Bone Disorders, Tumors of Bone, Tumors of Soft Tissue Flashcards
Osteogenesis imperfecta
- defective synthesis of Type I collagen, mutations in either alpha 1 or 2 chains.
- 4 major types; 2 to know are:
1. Type I - mild bone fragility, rib deformities, BLUE SCLERA, normal lifespan, slight inc. risk of fracture; can include hearing loss and small misshapen teeth (from dentin deficiency)
2. Type II - pre/perinatally lethal b/c of multiple fractures prior to birth
Anchondroplasia
- most common form of dwarfism; AD or spontaneous mutation (80%)
- activating mutation in FGFR3 which constantly inhibits cartilage proliferation/growth
- therefore affects all bones that grow via enchondral ossification (cartilage intermediate)
- phenotype: short stature, disproportionate shortening of the proximal extremities, bowing of the legs, and frontal bossing with midface hypoplasia; cartilage that is there is disordered and hypoplastic
- type: thanatophoric is lethal due to small thorax and respiratory complications
Osteopetrosis
- a deficiency of carbonic anhydrase II which leads to a loss of acidic environment needed for bone resorption - therefore, bones are dense like stone, eventually weaken and fracture like a piece of chalk
- clinically will see fractures, cytopenias, vision/hearing impairment, hydrocephalus, RTA/metabolic acidosis from reduced reabsorption of HCO3
- micro will see multiple irregular bony trabeculae with residual cartilage, no increased osteoclasts; hematopoiesis but in a smaller marrow cavity
Rickets
-defective matrix mineralization and accumulation of unmineralized bone matrix because of a Vitamin D disturbance
-clinically will see pigeon chest deformity, frontal bossing, rachitic rosary ribs, and bowed legs. ON x-ray will see distal ends of long bones as flared, frayed, and cupped with large distance between the radius and metacarpals.
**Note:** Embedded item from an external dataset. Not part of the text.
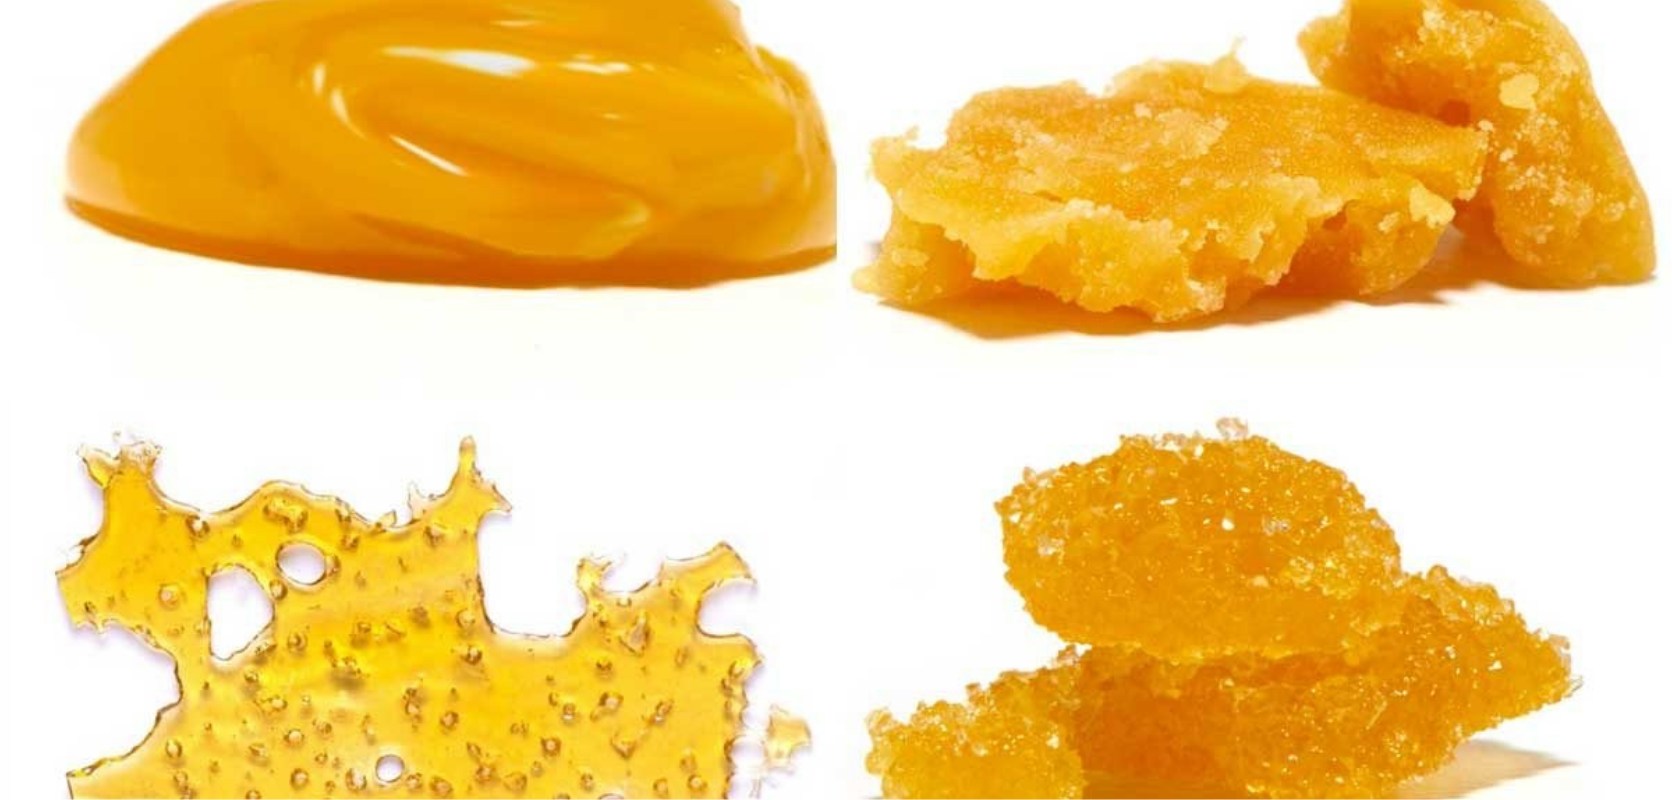 Shatter is all the cannabis rage these days. At Chronic Farms online dispensary we’ve got all your shatter weeds needs covered. 

-microscopically will see thickened, non-calcified, poorly defined growth plate (von Kossa stain)
+Pathophysio = Vit D stimulates osteoblasts to produce osteocalcin, a Ca-binding protein needed for Ca deposition in bone development.
Rickets vs. Osteomalacia
- Rickets is in kids; Osteomalacia is in adults - both are inadequate osteoid mineralization of trabeculae that leads to weak bones and fracture
- both have decreased Ca and P, increased PTH and alkaline phosphatase
Osteomyelitis
- infection of bone, usually bacterial, usually kids
- caused by direct inoculation (trauma), contiguous spread (cellulitis), or hematogenous spread
- will have bone pain + systemic signs of infection; lytic focus (abscess, called “sequestrum”) on x-ray surrounded by sclerosis (“involurum”–subperiosteal shell of reactive viable new bone)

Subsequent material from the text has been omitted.